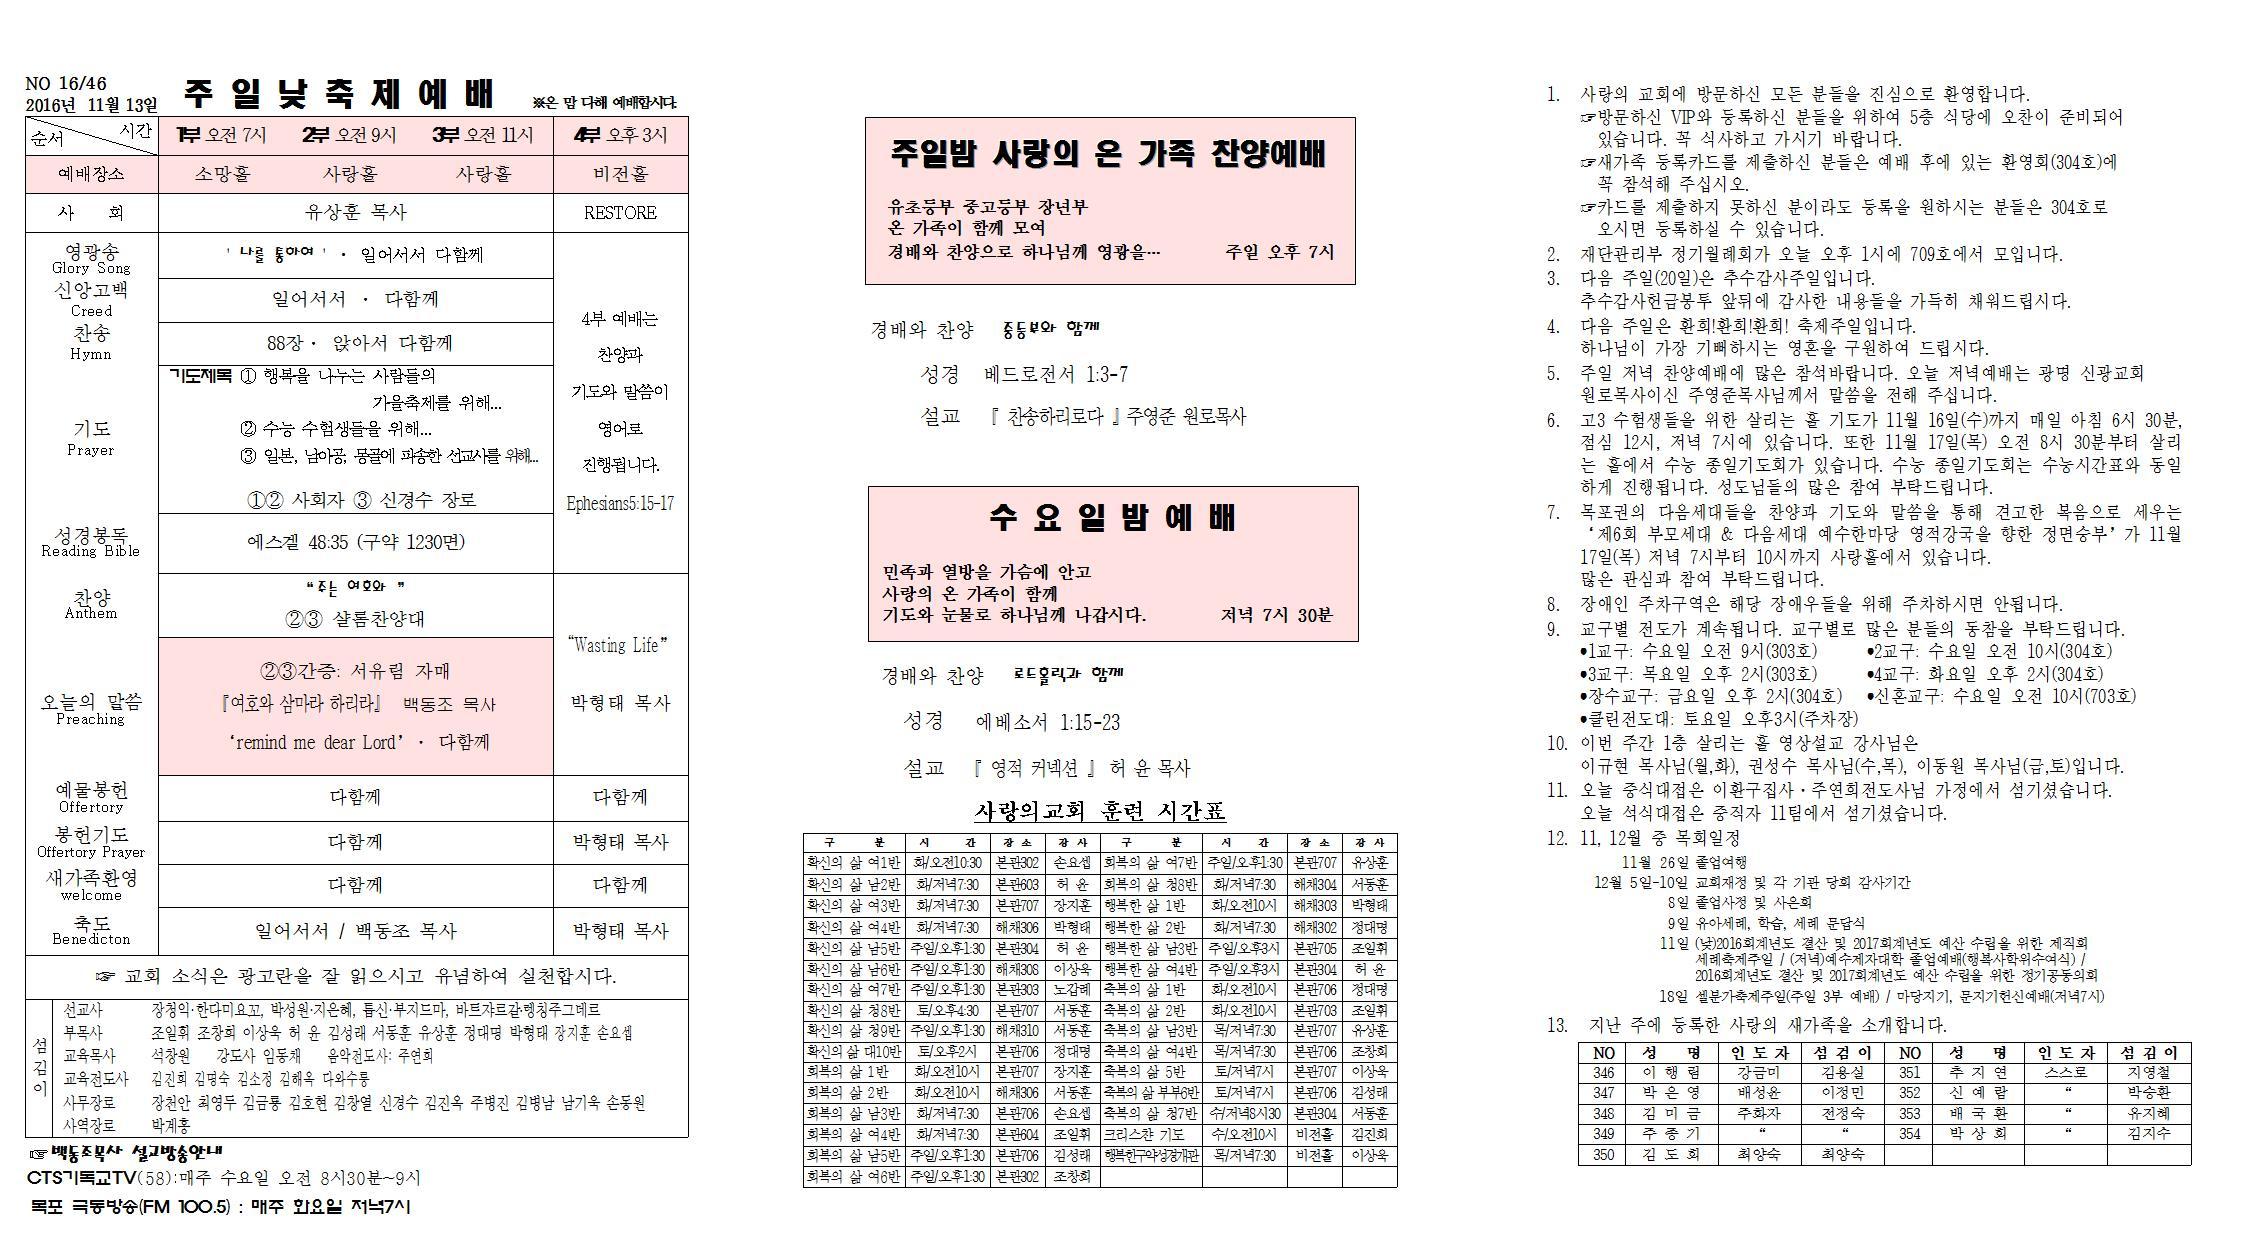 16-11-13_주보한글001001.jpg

+ + +

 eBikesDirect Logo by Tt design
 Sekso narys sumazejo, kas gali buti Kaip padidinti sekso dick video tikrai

+ + +

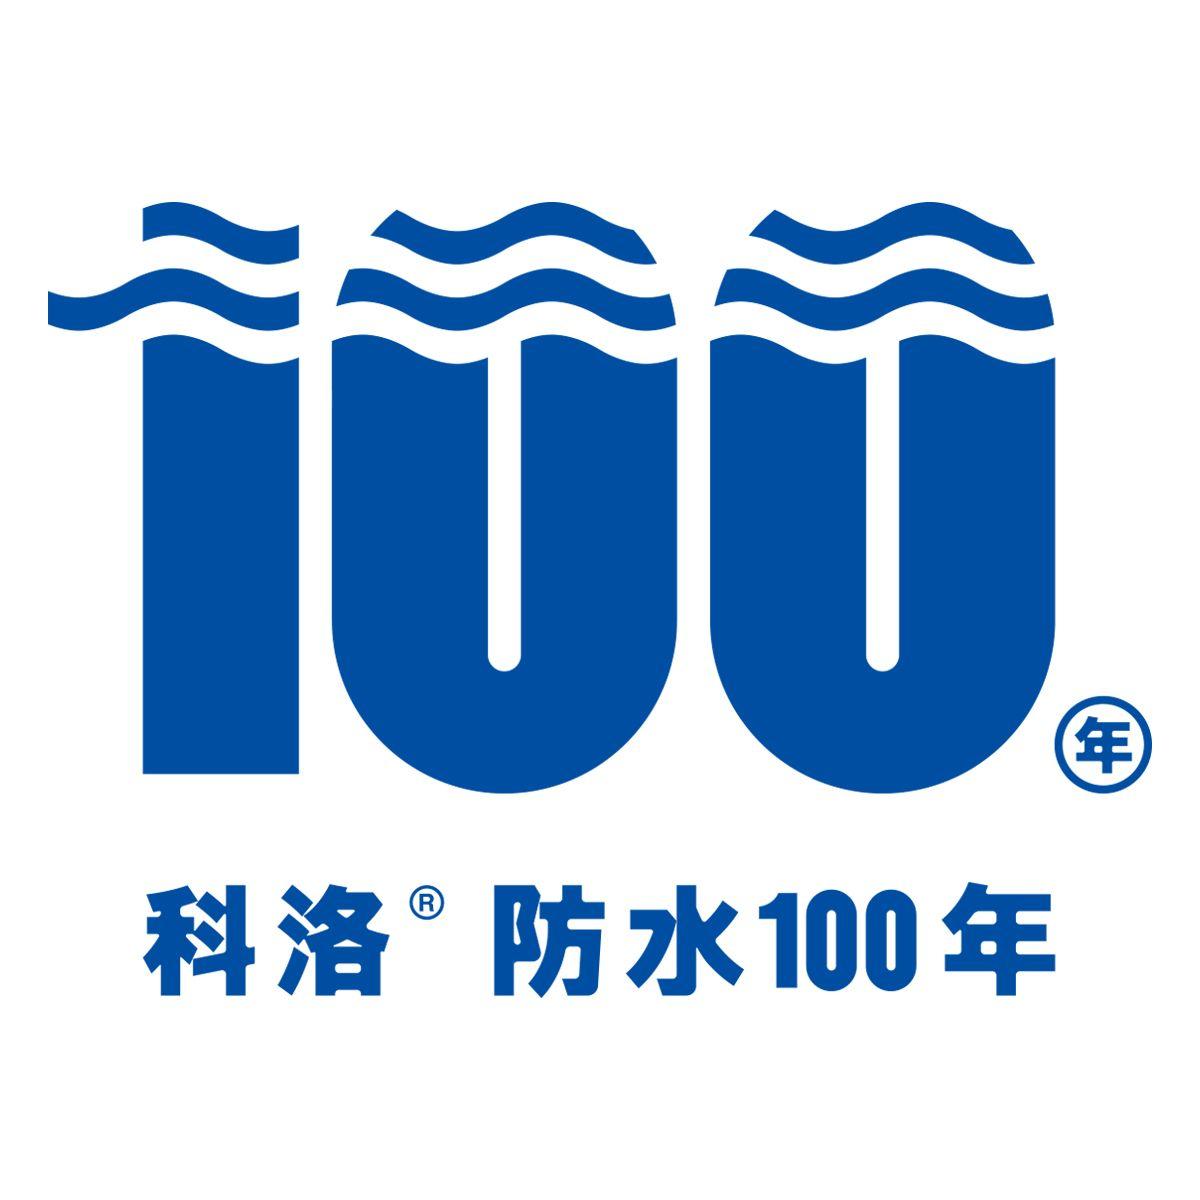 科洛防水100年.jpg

+ + +

* The task *
Begin with the line above that has "eBikesDirect Logo by Tt design" and continue through the line that has "Sekso narys sumazejo, kas", setting each one down exactly. Stop there.

* Result for this exercise *
 eBikesDirect Logo by Tt design
 Sekso narys sumazejo, kas gali buti Kaip padidinti sekso dick video tikrai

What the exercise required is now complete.